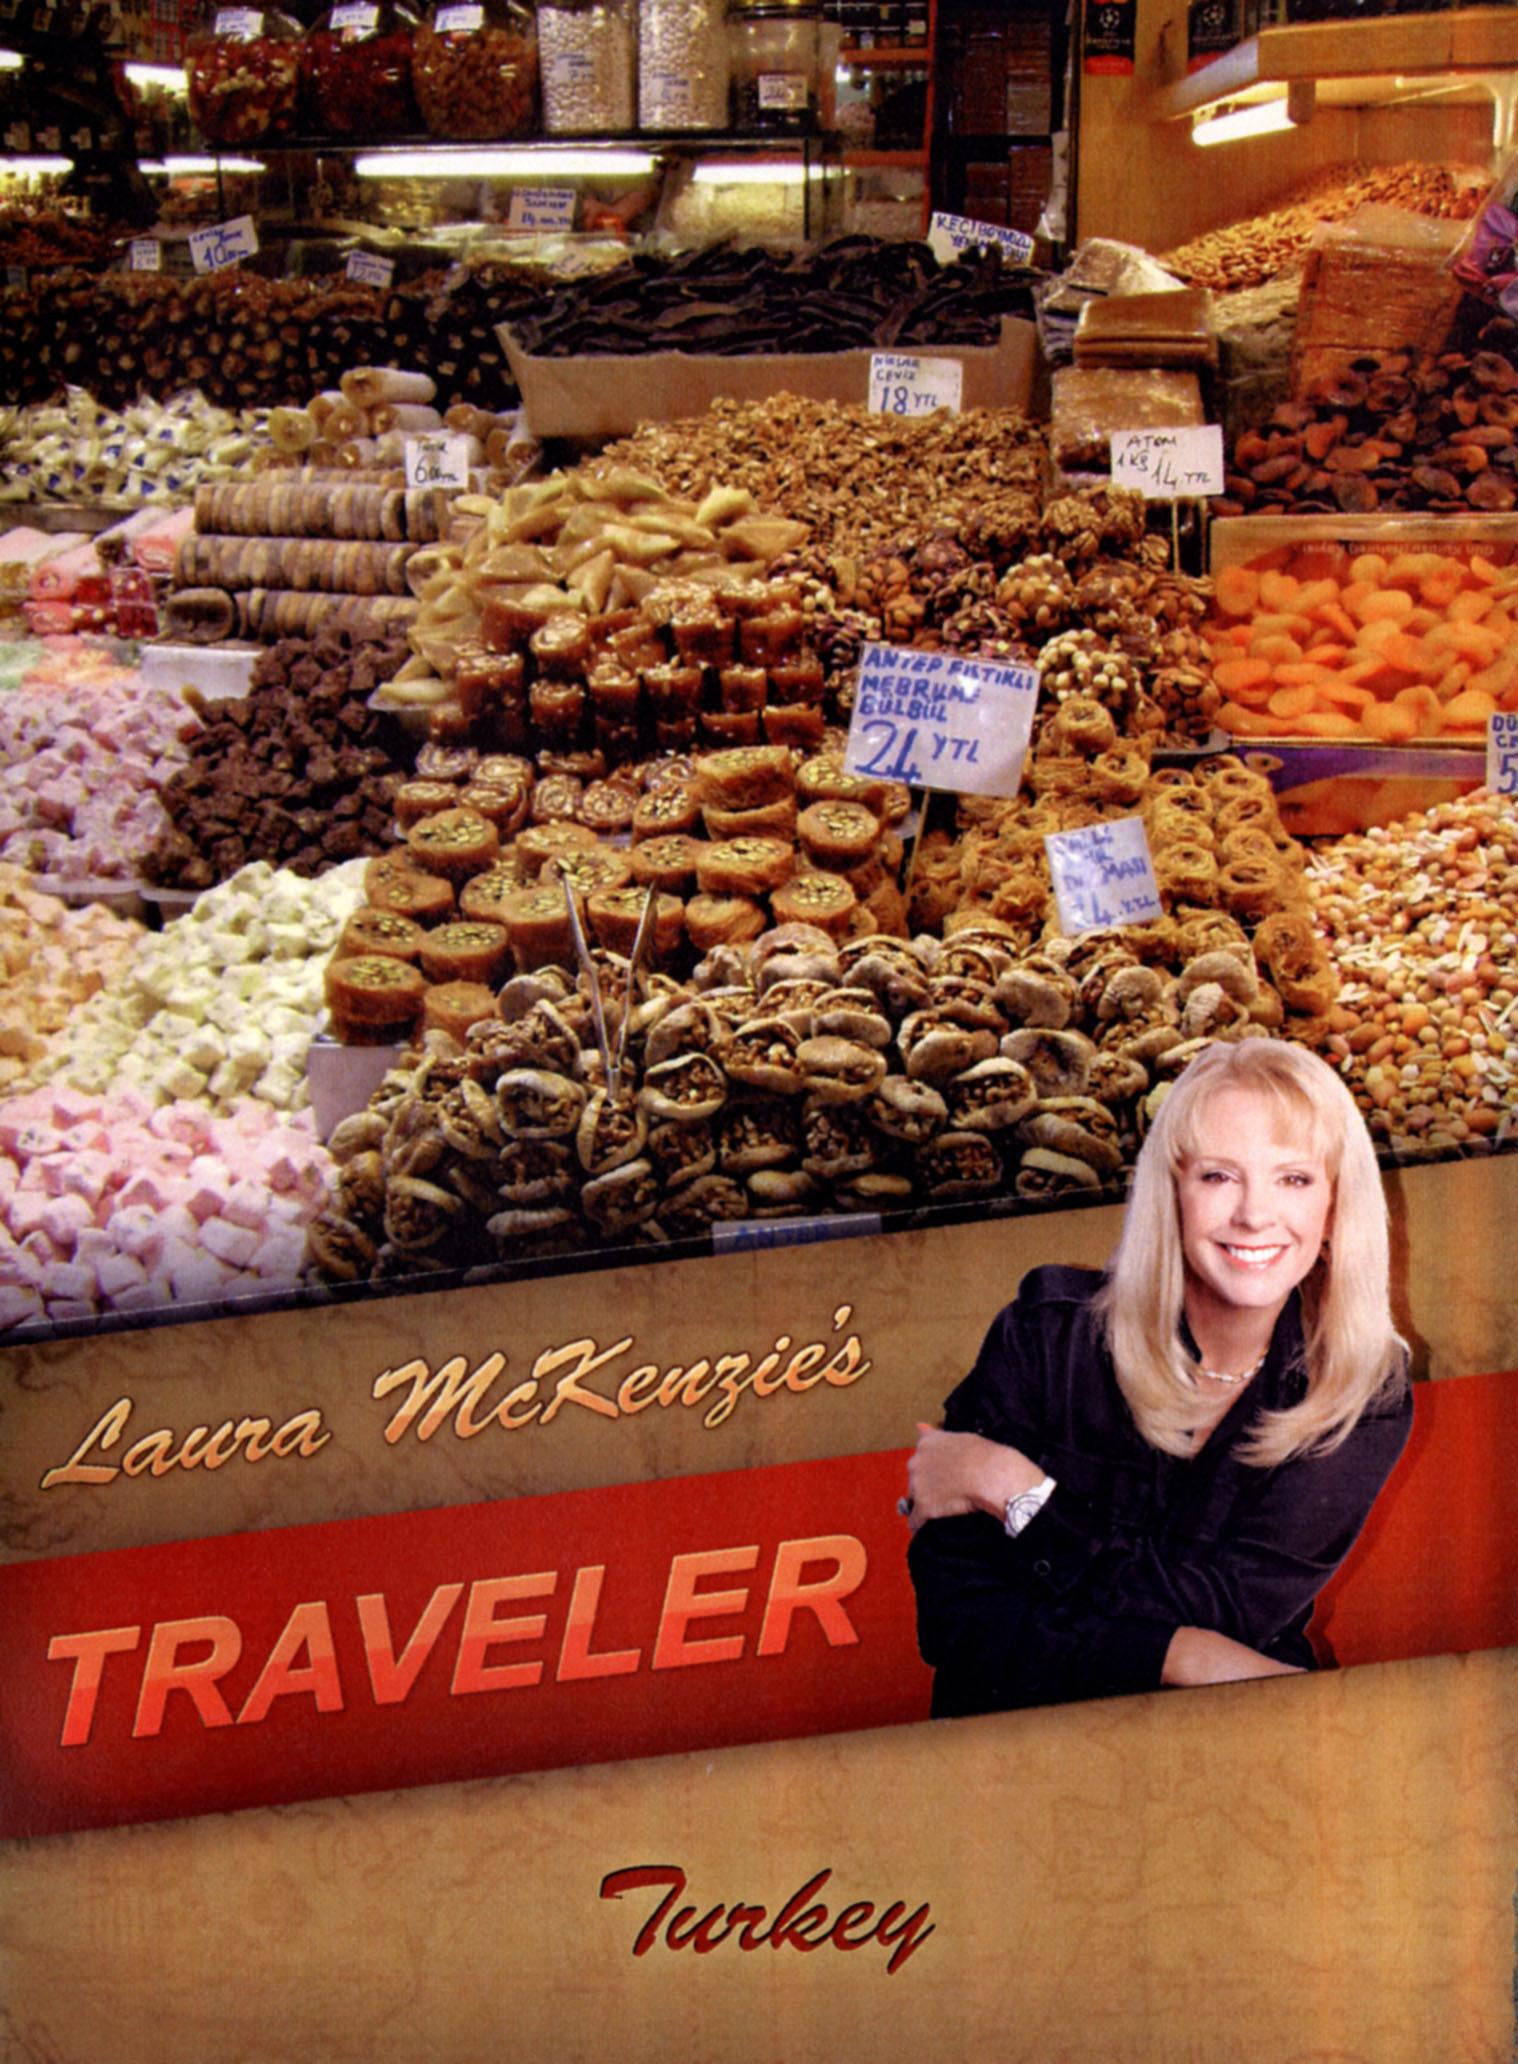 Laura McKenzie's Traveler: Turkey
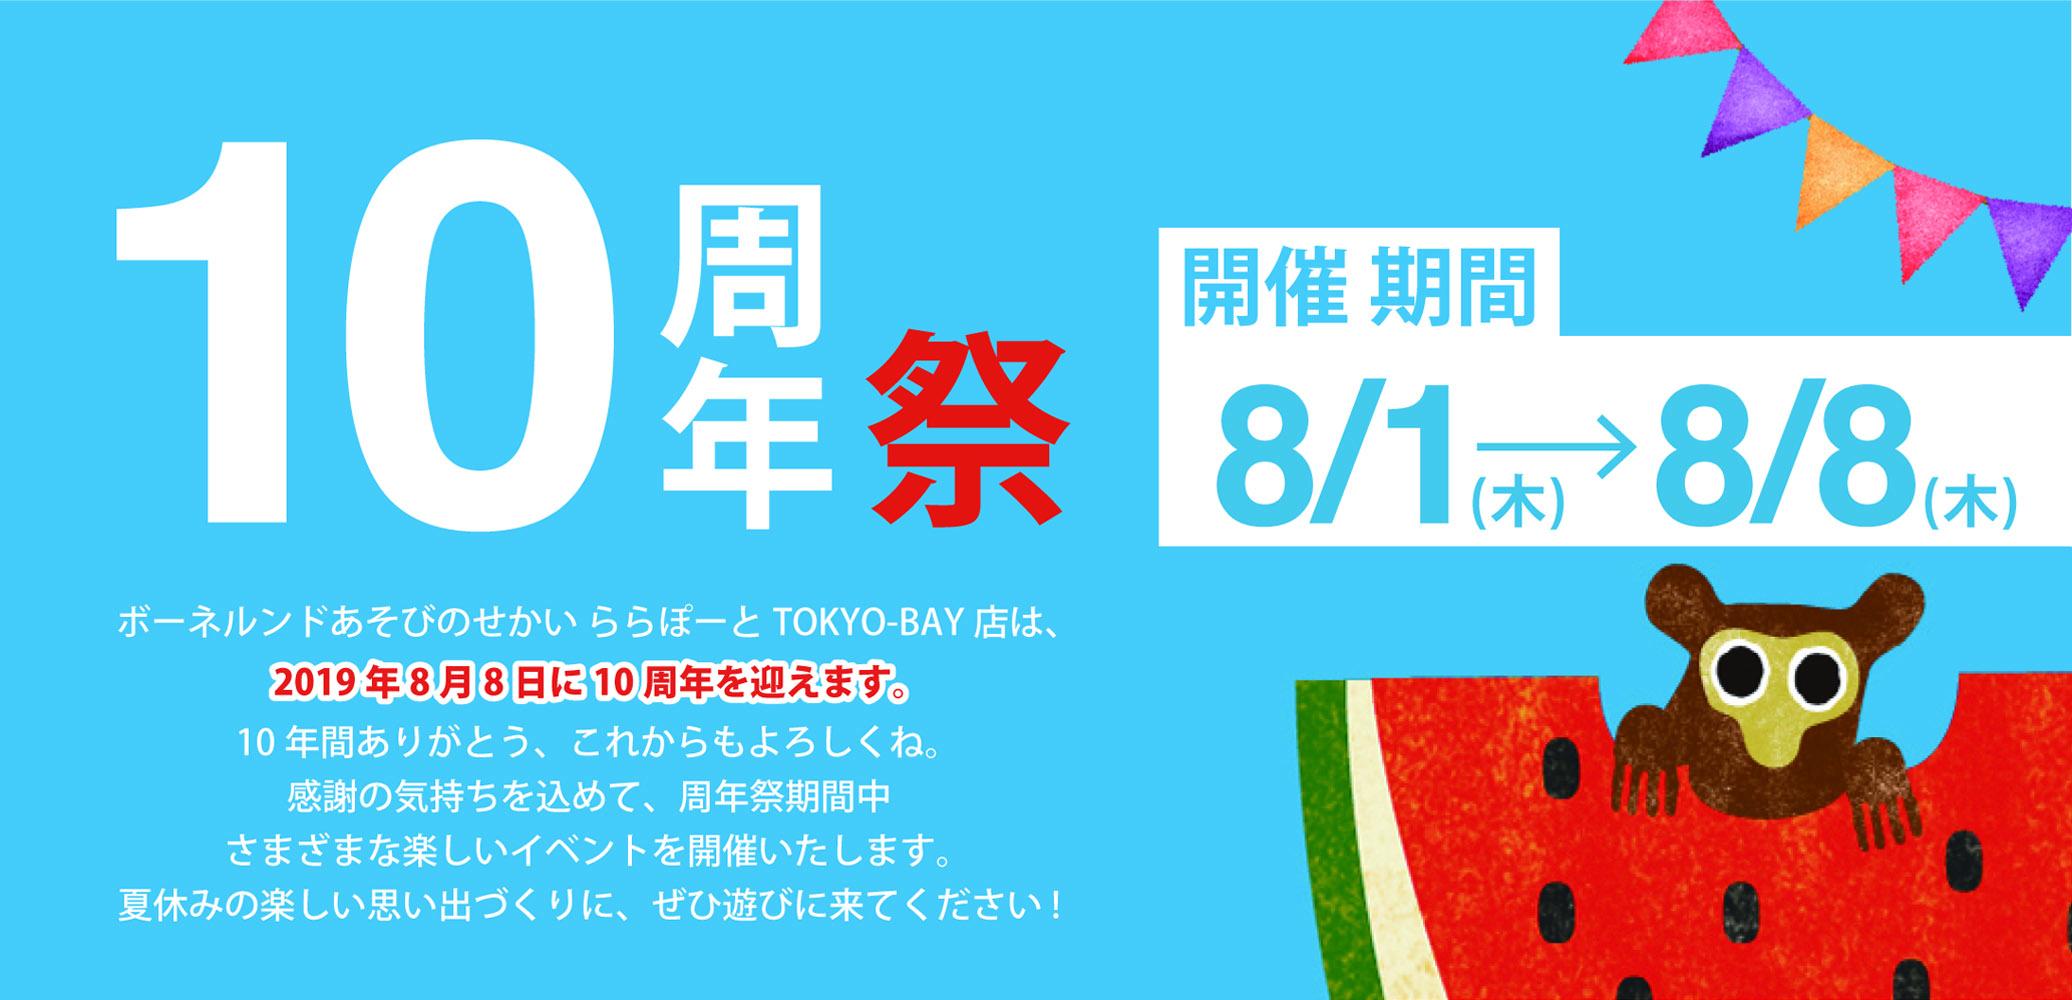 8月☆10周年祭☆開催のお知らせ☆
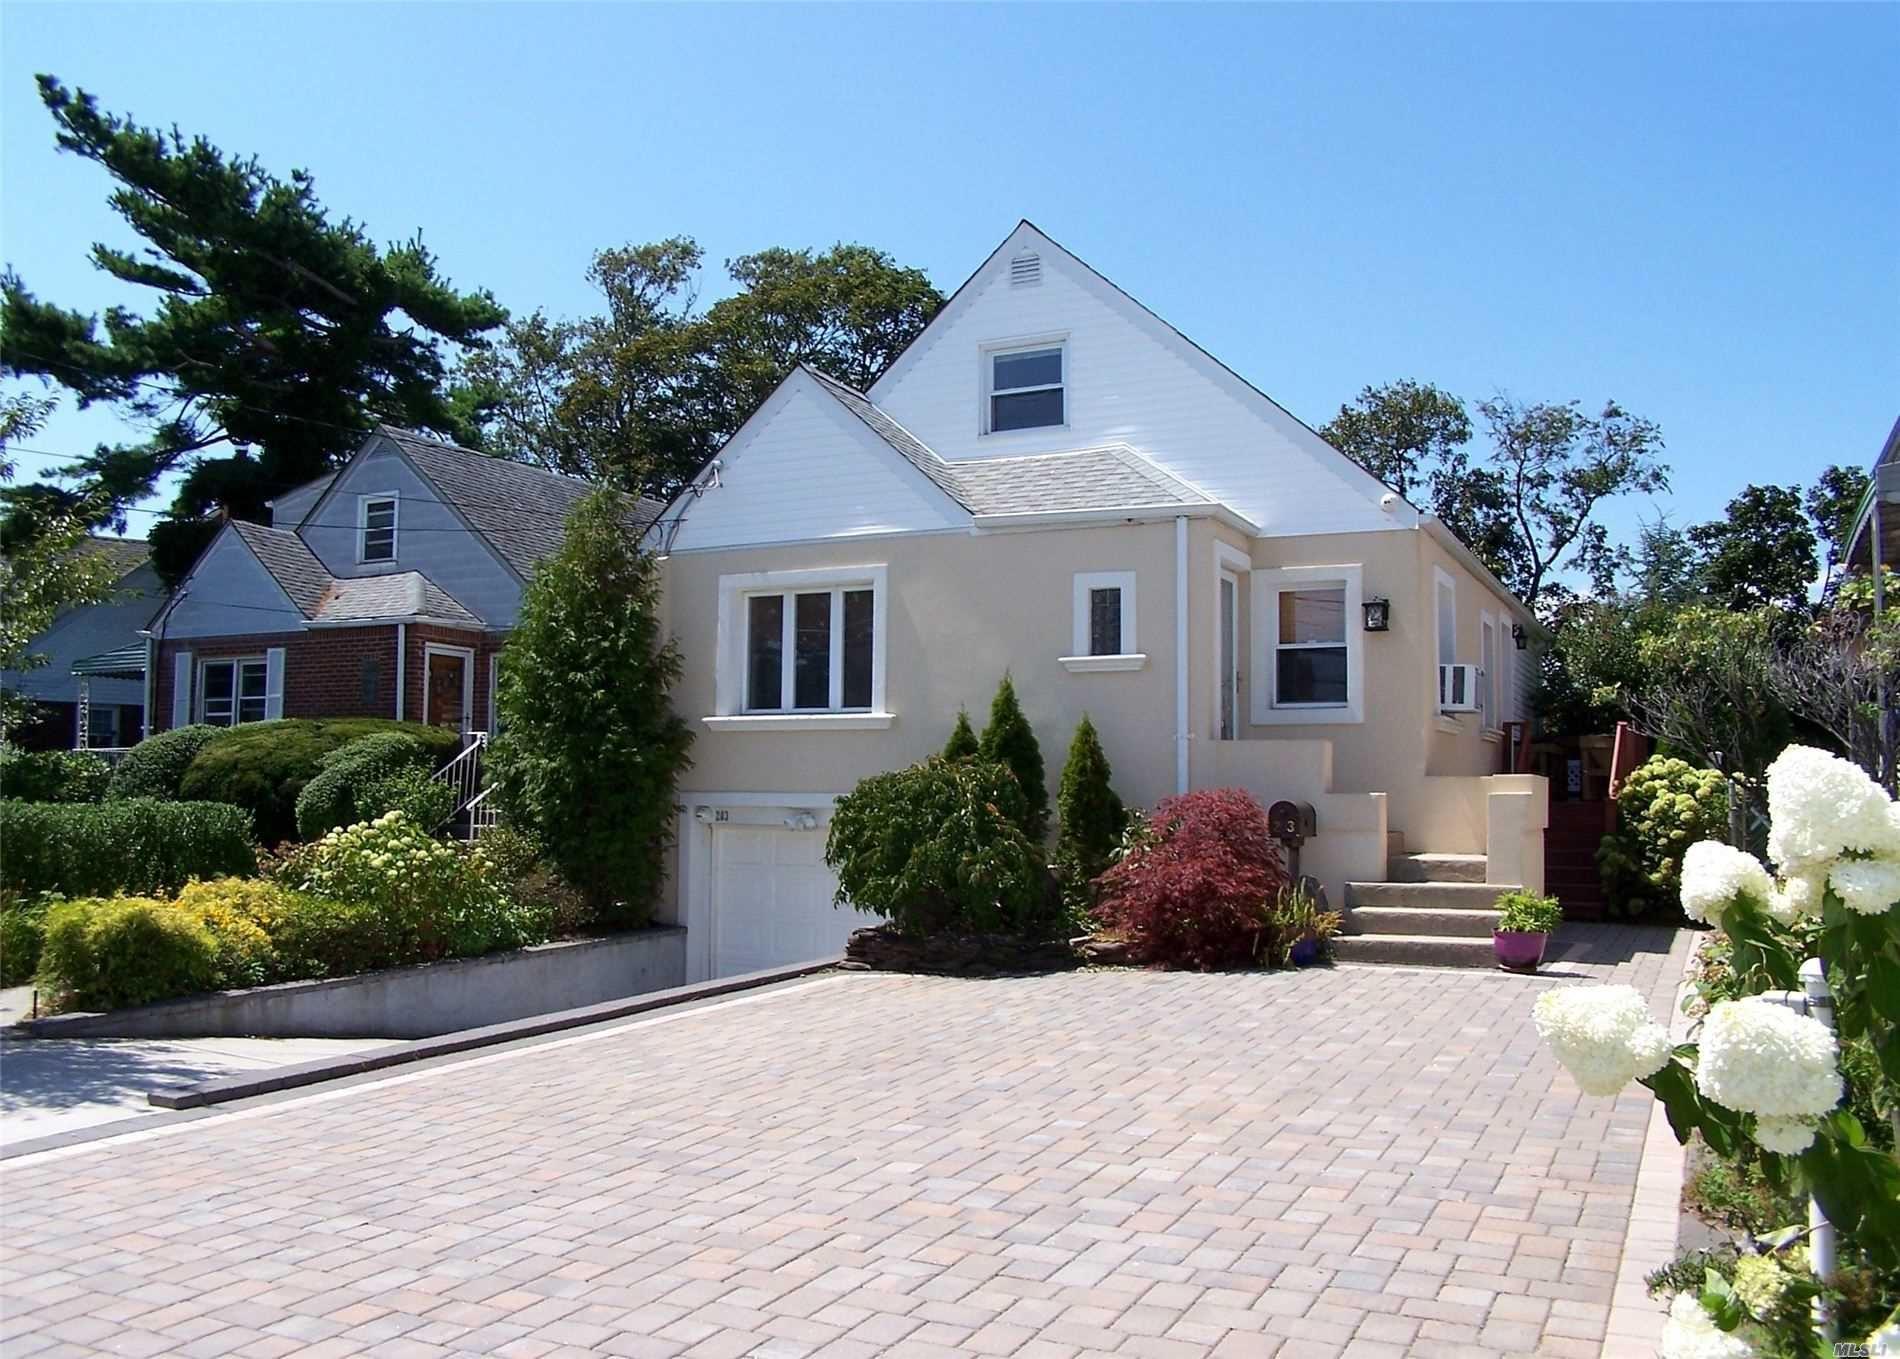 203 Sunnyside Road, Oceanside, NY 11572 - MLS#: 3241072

What to produce |
Your copy should begin at the line containing "8月☆10周年祭☆開催のお知らせ☆" and end at the last line of the data above, matching each line exactly and holding no pictures.

Result of the exercise |
 8月☆10周年祭☆開催のお知らせ☆
 203 Sunnyside Road, Oceanside, NY 11572 - MLS#: 3241072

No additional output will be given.